Sosok inspiratif kali ini datang dari seorang senior leader kami di kantor. Tiba-tiba sekonyong-konyong tersiar kabar dirinya mengambil pensiun dini: keluar dari zona nyaman dan terjun bebas di area/bidang yang sudah sejak lama ia cita-citakan. Mengabdi pada umat.

Tidak gampang bagi seorang karyawan dapat diloloskan pengajuan Pensiun Dini (Pendi) oleh manajemen perusahaan kami di tengah kondisi perusahaan yang cukup sehat dan terus tumbuh, apalagi beliau–senior leader saya ini, sudah menduduki jabatan yang sangat strategis di level management, setingkat di bawah Vice President, dan selain itu ia memegang amanah besar mengelola sebuah entitas dakwah bernama Majelis Ta’lim yang sudah go-nasional, menjadi sub system sekaligus mitra HCM perusahaan kami dalam misi employee character building dan menghidupkan corporate culture management berbasis spiritualitas. Sebuah wild card baginya untuk bisa menaiki jenjang yang lebih tinggi dan tetap bisa berkontribusi maksimal kepada banyak orang melalui lembaga-lembaga yang menjadi mitra dari entitas dakwah yang kami miliki tersebut.

Tapi begitulah sosok ini, yang kemudian berkisah pada kami di sore itu dalam ramah tamah informalnya. Ternyata ia sudah mempersiapkannya beberapa tahun sebelumnya. Pengkondisian dan rancangan sudah dibuat jauh-jauh sebelum “lowongan” pendi dibuka oleh manajemen. Terencana, terstruktur dan by design. 
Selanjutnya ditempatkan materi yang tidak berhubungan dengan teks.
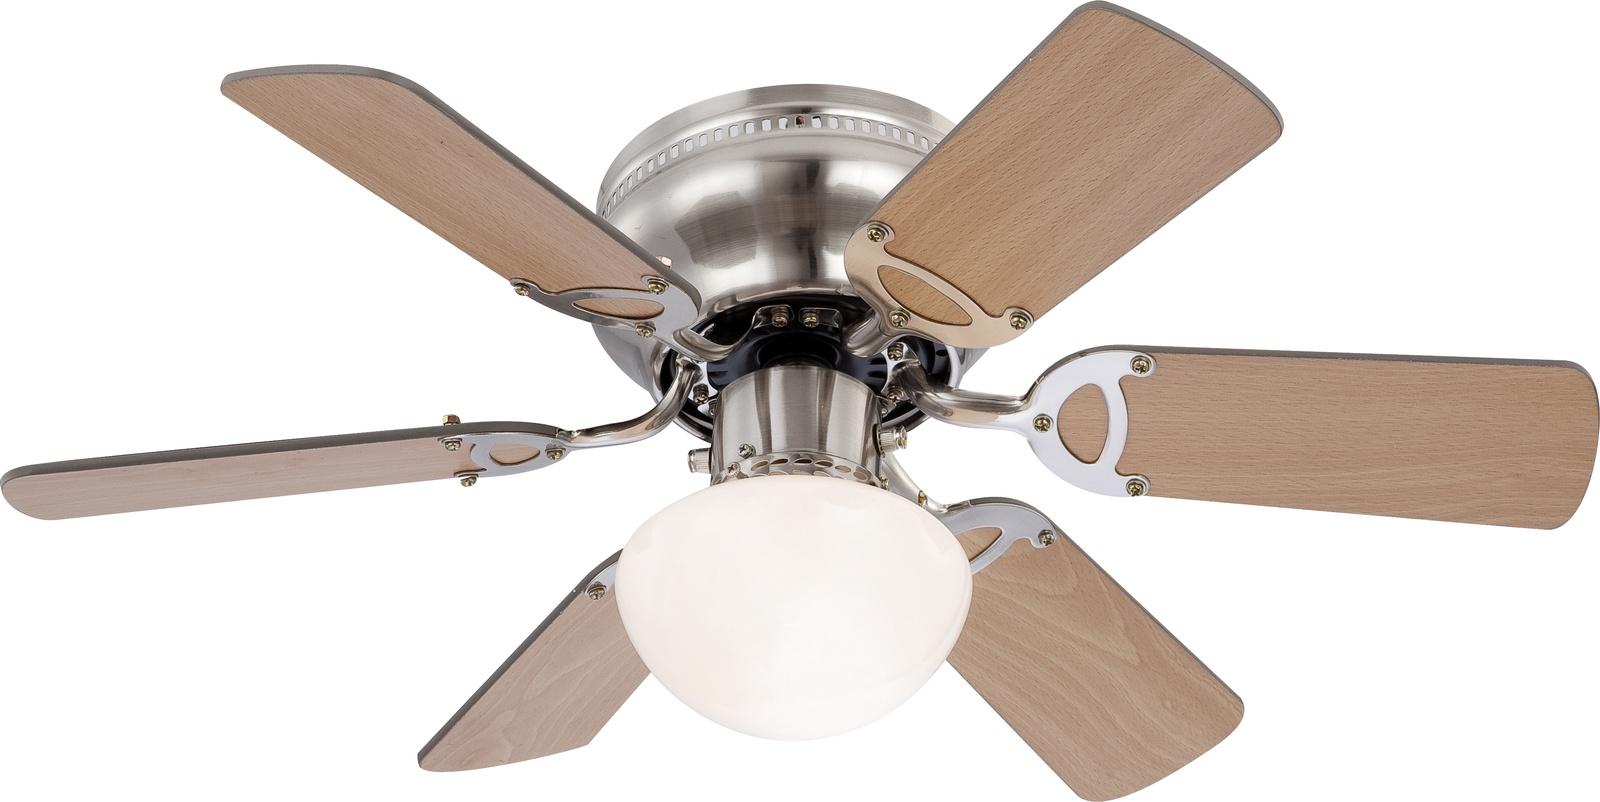 Потолочный светильник Globo Ugo, серый потолочный светильник globo new 0332 серый металлик

Ada cita-cita yang jauh lebih besar yang dapat saya tangkap dari tuturnya yang sederhana namun kuat berbobot. Dan kami yang berada di ruangan tersebut tak layak tuk mencegah apalagi menyesalinya, selain doa dan harapan yang terbaik bagi keputusan besarnya: “berhenti” dari pekerjaan dan amanahnya di titik puncak, pada posisi terbaiknya, untuk dapat meloncat dan meraih kontribusi yang jauh lebih besar dan tinggi.
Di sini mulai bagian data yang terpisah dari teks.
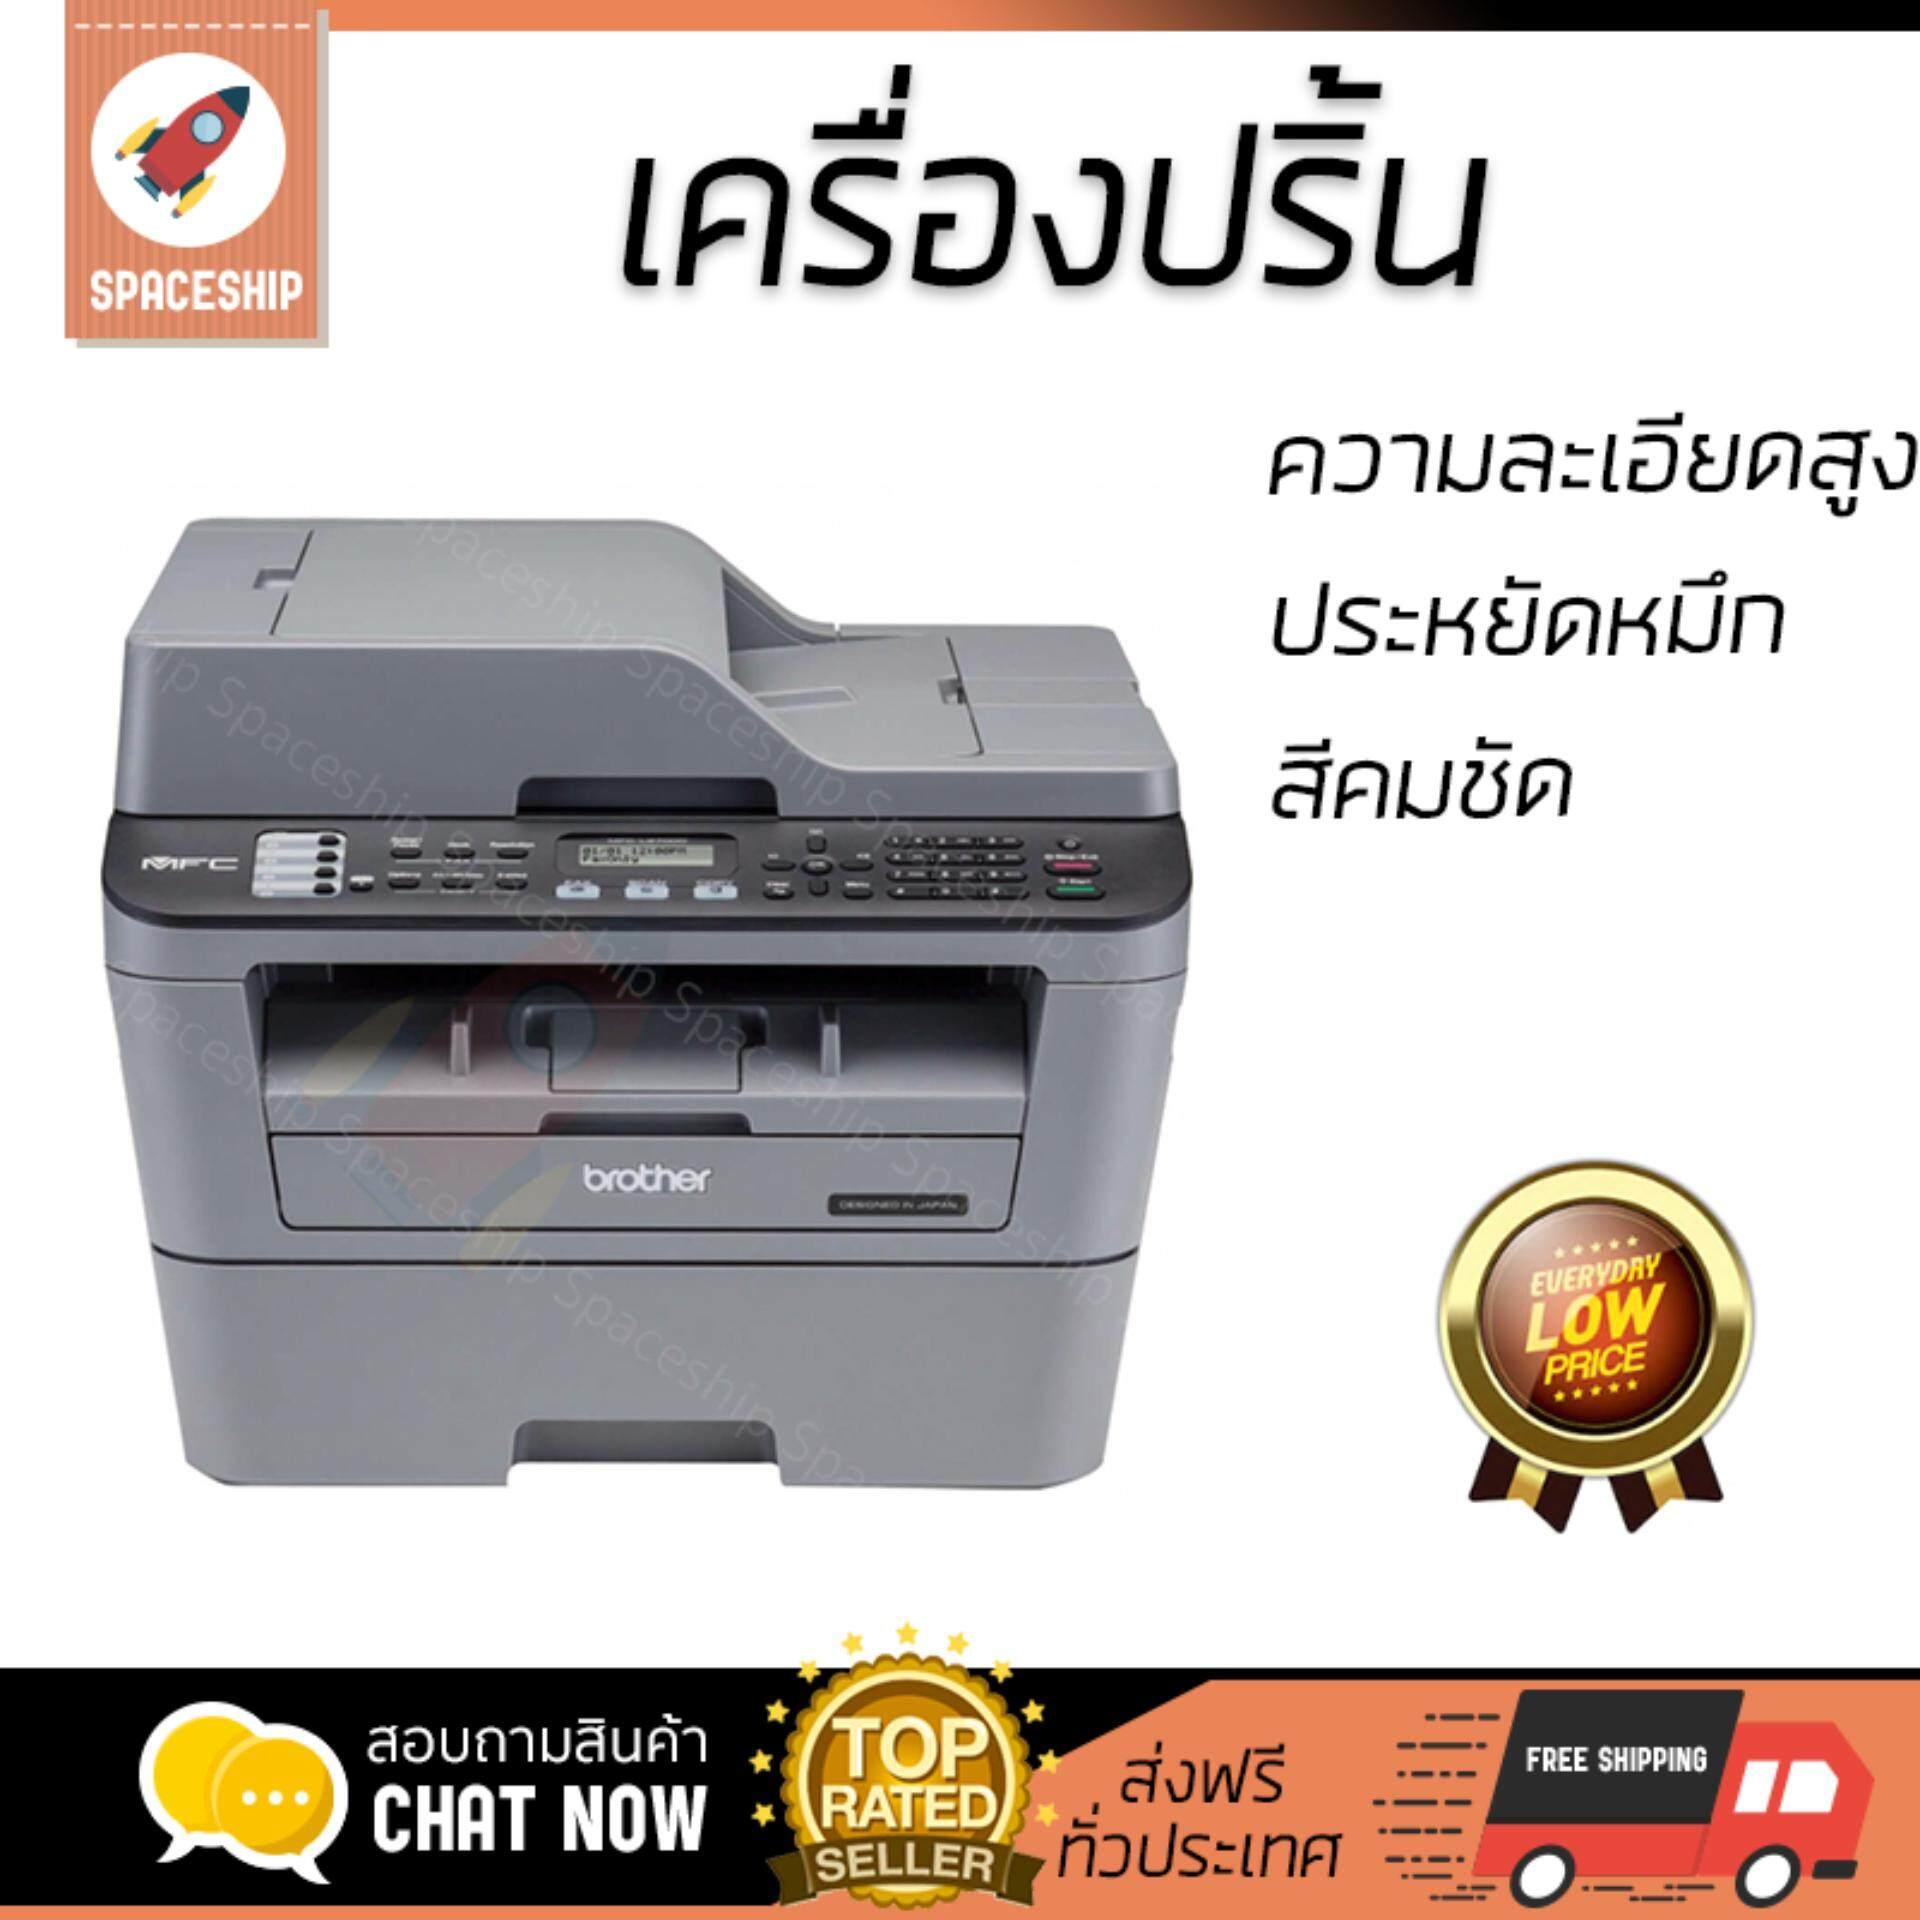 ลดสุดๆ โปรโมชัน เครื่องพิมพ์           BROTHER ปริ้นเตอร์มัลติฟังก์ชั่น รุ่น MFC-L2700D             ความละเอียดสูง คมชัด ประหยัดหมึก เครื่องปริ้น เครื่องปริ้นท์ All in one Printer รับประกันสินค้า 1 ปี

Setelah obrolan sore yang menginspirasi itu, saya mencoba mensintesa sebuah sketchnote sederhana seperti di bawah ini:

Teringat pula tulisan lawas: “Retirement, Beginning The New Life?”  dan “Framework of Happiness”

 

note16_01

Dalam coretan sketchnote di atas, saya coba mulai dari tangga kebutuhan Maslow sebagai metode mendefinisikan kebutuhan yang selama ini membuat sebagian masa muda dan bugar kita habiskan. 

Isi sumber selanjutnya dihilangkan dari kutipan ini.